# Pure Fishing belohnt Anglerboardmitglieder auch im März



## Thomas9904 (2. März 2011)

Werbung 

*PureFishing belohnt Anglerboardmitglieder​*
Nachdem Pure Fishing zum langfristigen Partner geworden ist, gibt's nun jeden Monat was zu gewinnen. 

Zum einen wird jeden Monat Gerät oder Zubehör der Marken, die Pure Fishing verkauft, unter neuangemeldeten Mitgliedern verlost. 

Also von den Marken Berkley, ABU Garcia, Fenwick, Stren, Mitchell, Spider oder 7Strand. 

Zum anderen wurden auch die „Altmember" nicht von Pure Fishing vergessen - die müssen aber was dafür tun )) 

Und zwar hier:
* So langsam sollte ja mal der Frühling losgehen - Also hätten wir diesmal gerne ein Bild vom Frühlingsangeln - mit Sonne drauf als "Anreiz" (hoffentlich spielt das Wetter mit...)  *


*Der Gewinn März​*
*SHAKESPEARE – Smoker - Cooker Räucherofen​*



Hochwertig verarbeiteter Räucherofen aus Edelstahl. Der Räucherofen eignet sich ideal zum räuchern von Fischen, Fleisch und anderen Lebensmitteln. Das Gargut wird auf einem Gitterrost aus Edelstahl über dem Räuchermehl abgelegt und mit dem Deckel verschlossen. Die beiden Brenner haben eine Brenndauer von ca.10 Minuten bei voll befüllter Brennkammer und sorgen für ausreichende Hitze zum räuchern und garen. Die Flammenstärke kann mittels eines Drehrings verstellt werden. Alle Teile sind sehr einfach zu reinigen!

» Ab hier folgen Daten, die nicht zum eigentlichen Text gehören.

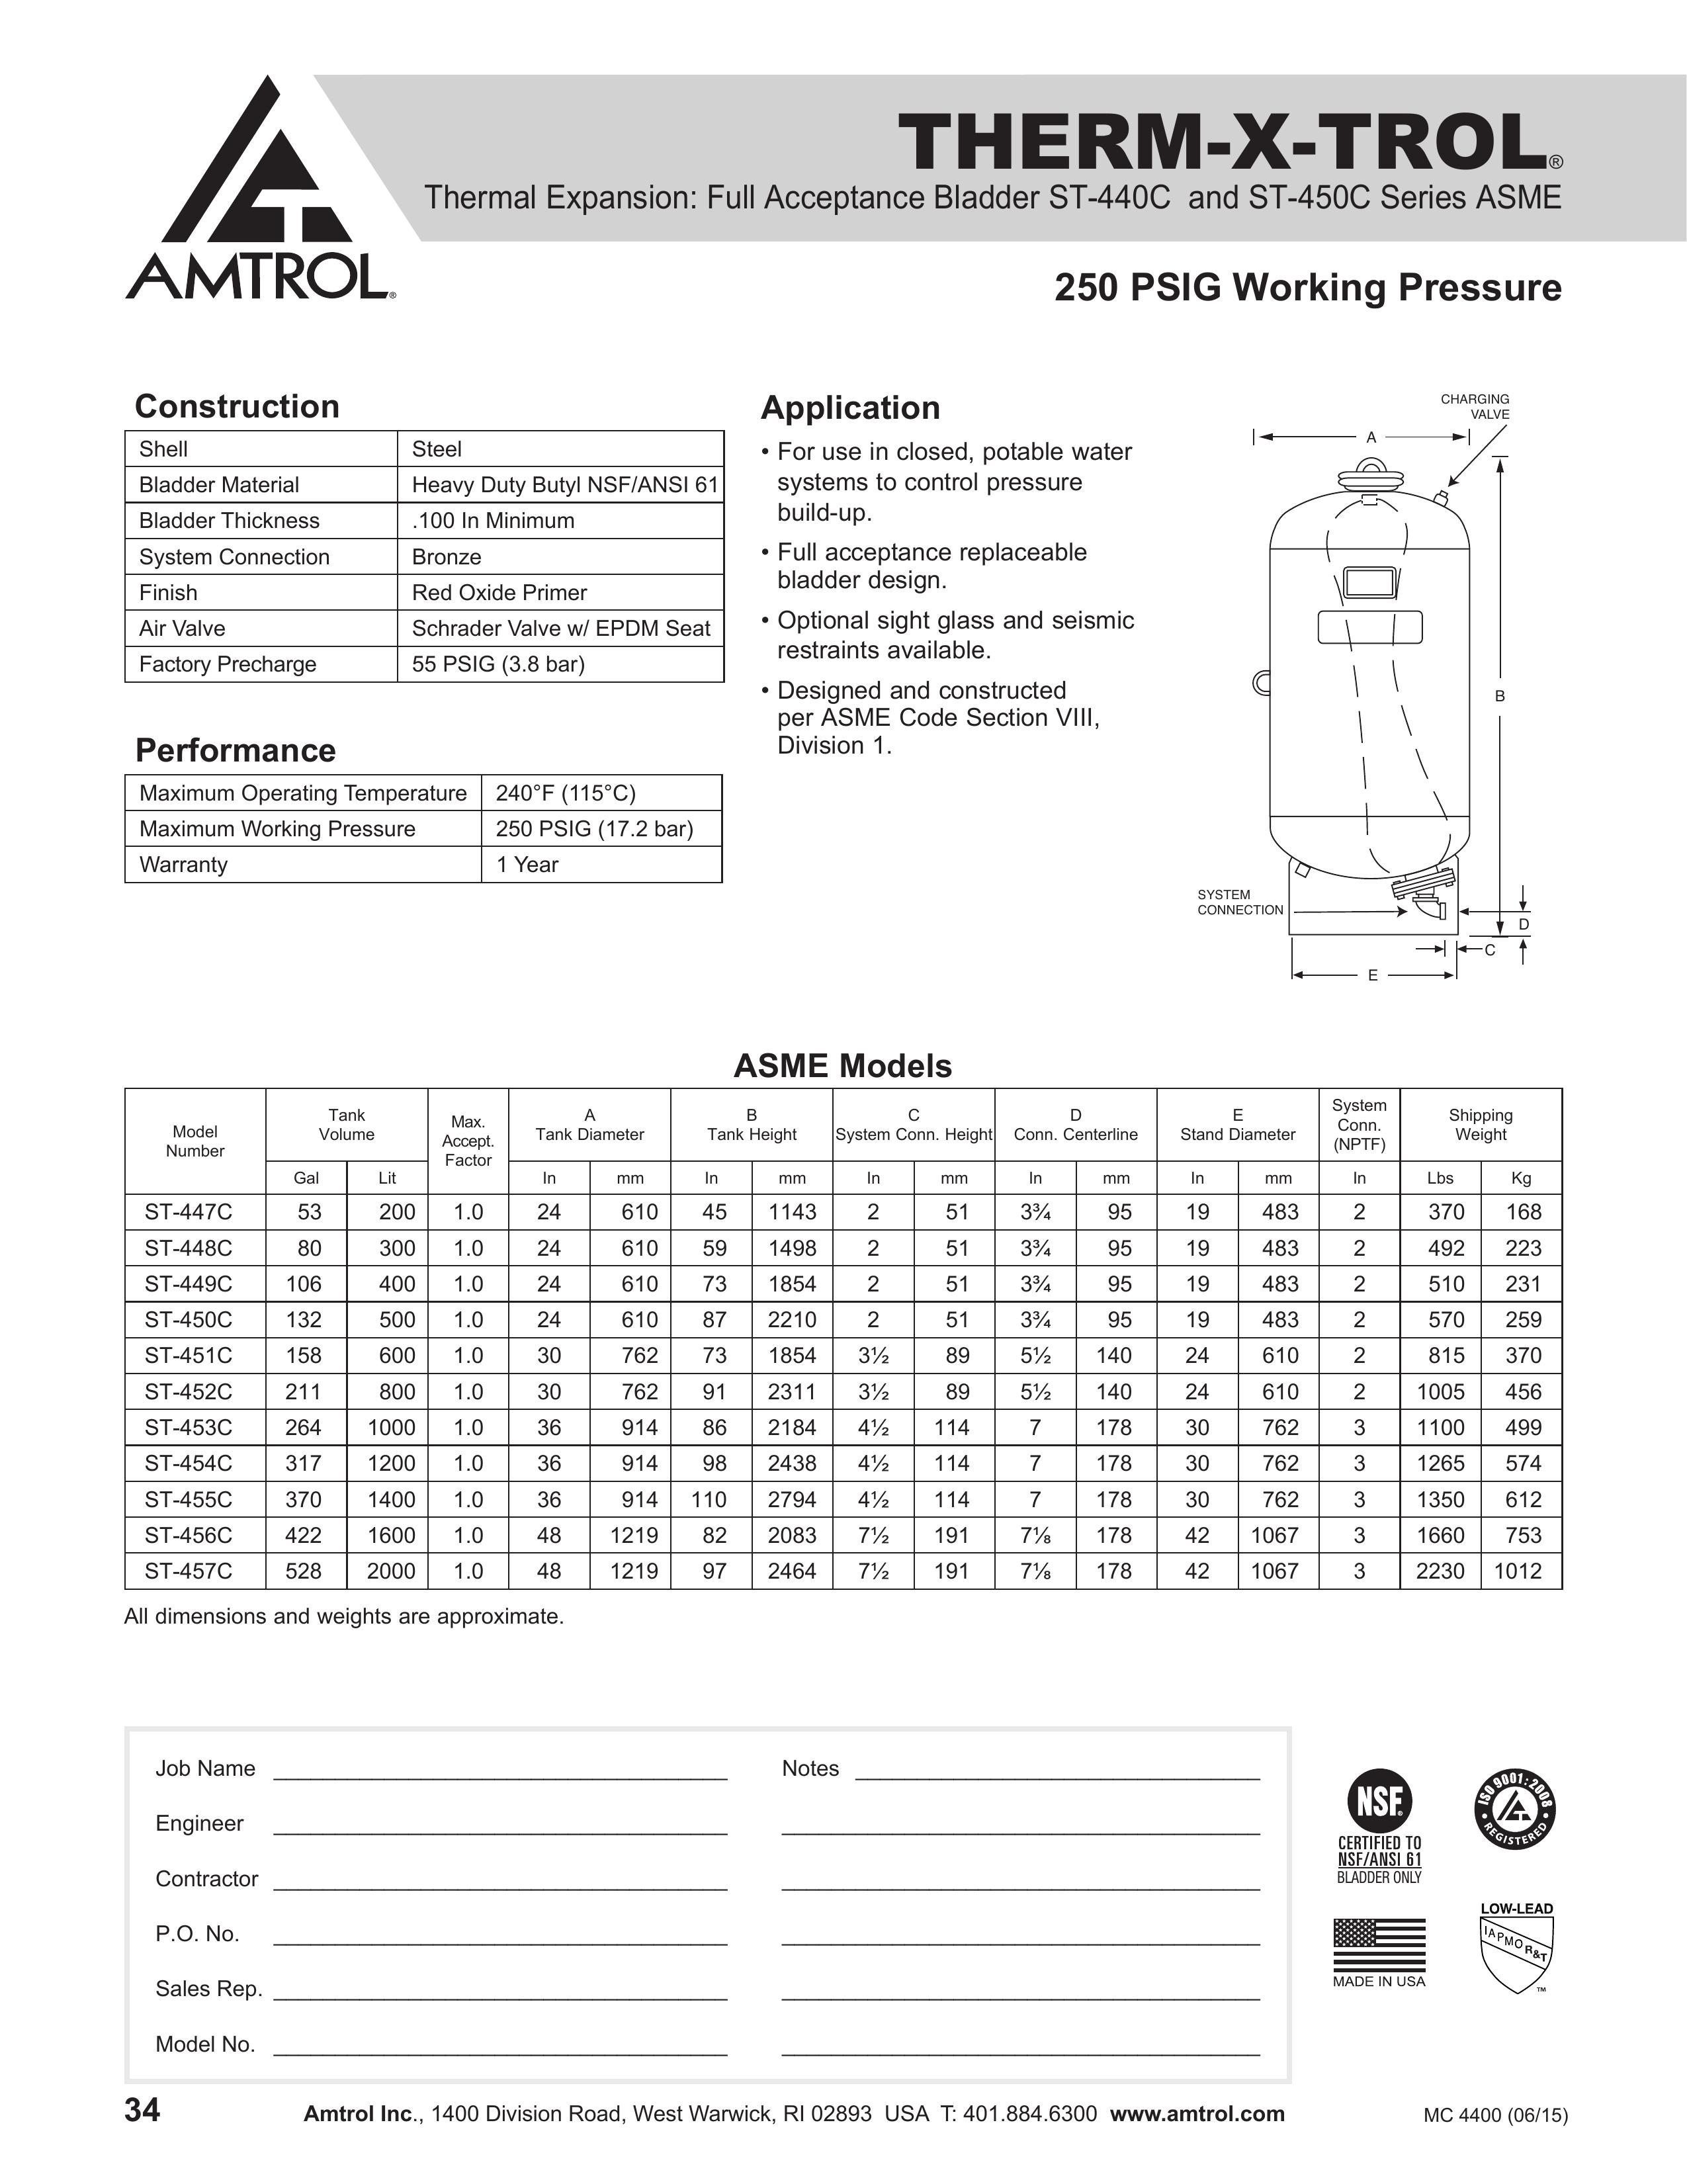 Amtrol ST-455C Slow Cooker User Manual
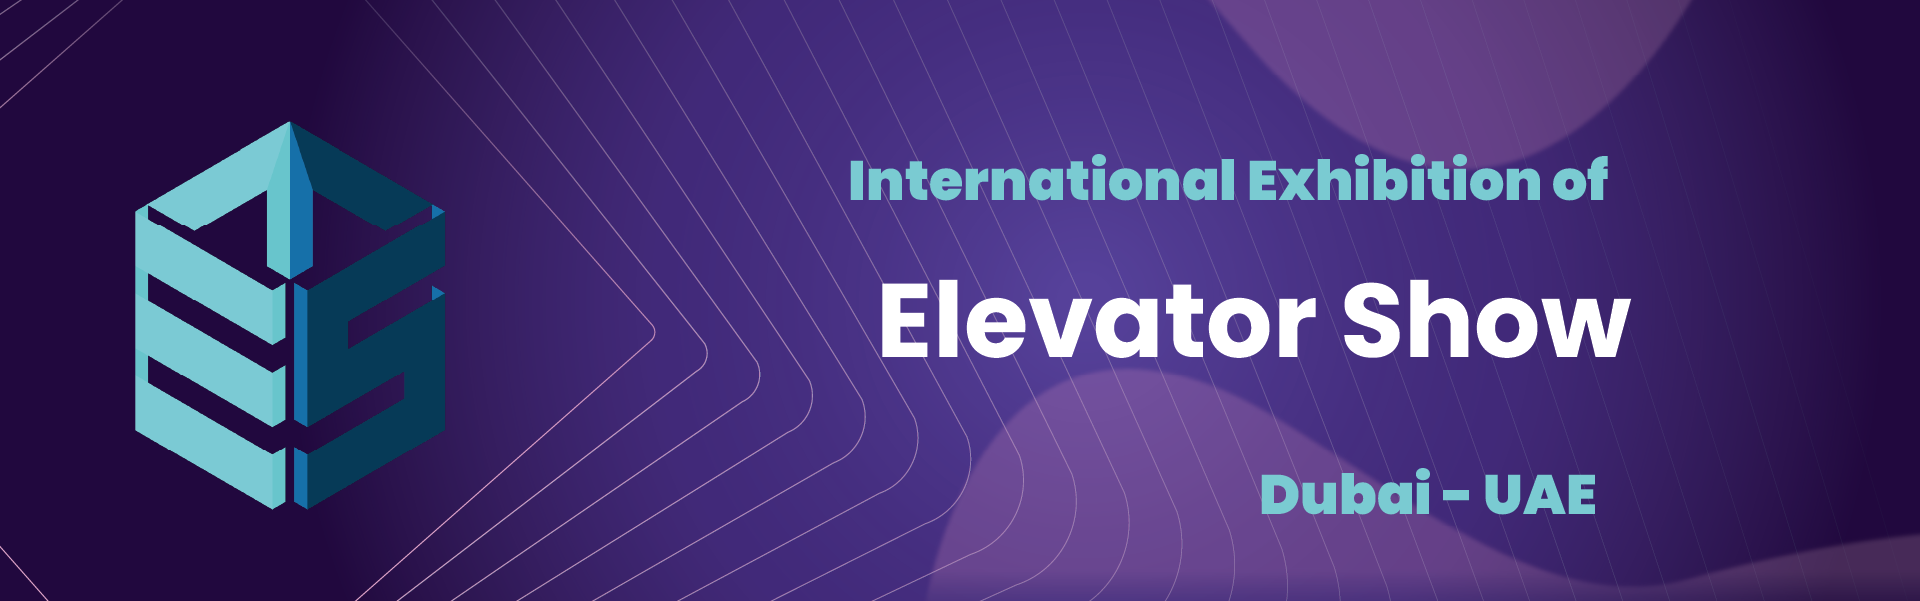 elevator exhibition Dubai (elevator show)

Lieferumfang: Unterbaugestell, 2 Brenner, Haupt-Garpfanne, Räuchermehlpfanne, Pfannendeckel, Gitterrost mit Untergestell, Gitterrost, Gewicht: ca. 3,5 Kg

Gewinner werden jeweils im Magazin veröffentlicht.


----------



## jogibaer1996 (2. März 2011)

*AW: Pure Fishing belohnt Anglerboardmitglieder auch im März*

Moin,
kann zwar nix gewinnen (unter 18), aber vielleicht trotzdem ein schönes Bild... 

Grüße
Jogi


----------



## TheFisherking (3. März 2011)

*AW: Pure Fishing belohnt Anglerboardmitglieder auch im März*

Hier mal etwas vom letzten Wochenende am Kanal...


----------



## Gelöschtes Mitglied 70040 (4. März 2011)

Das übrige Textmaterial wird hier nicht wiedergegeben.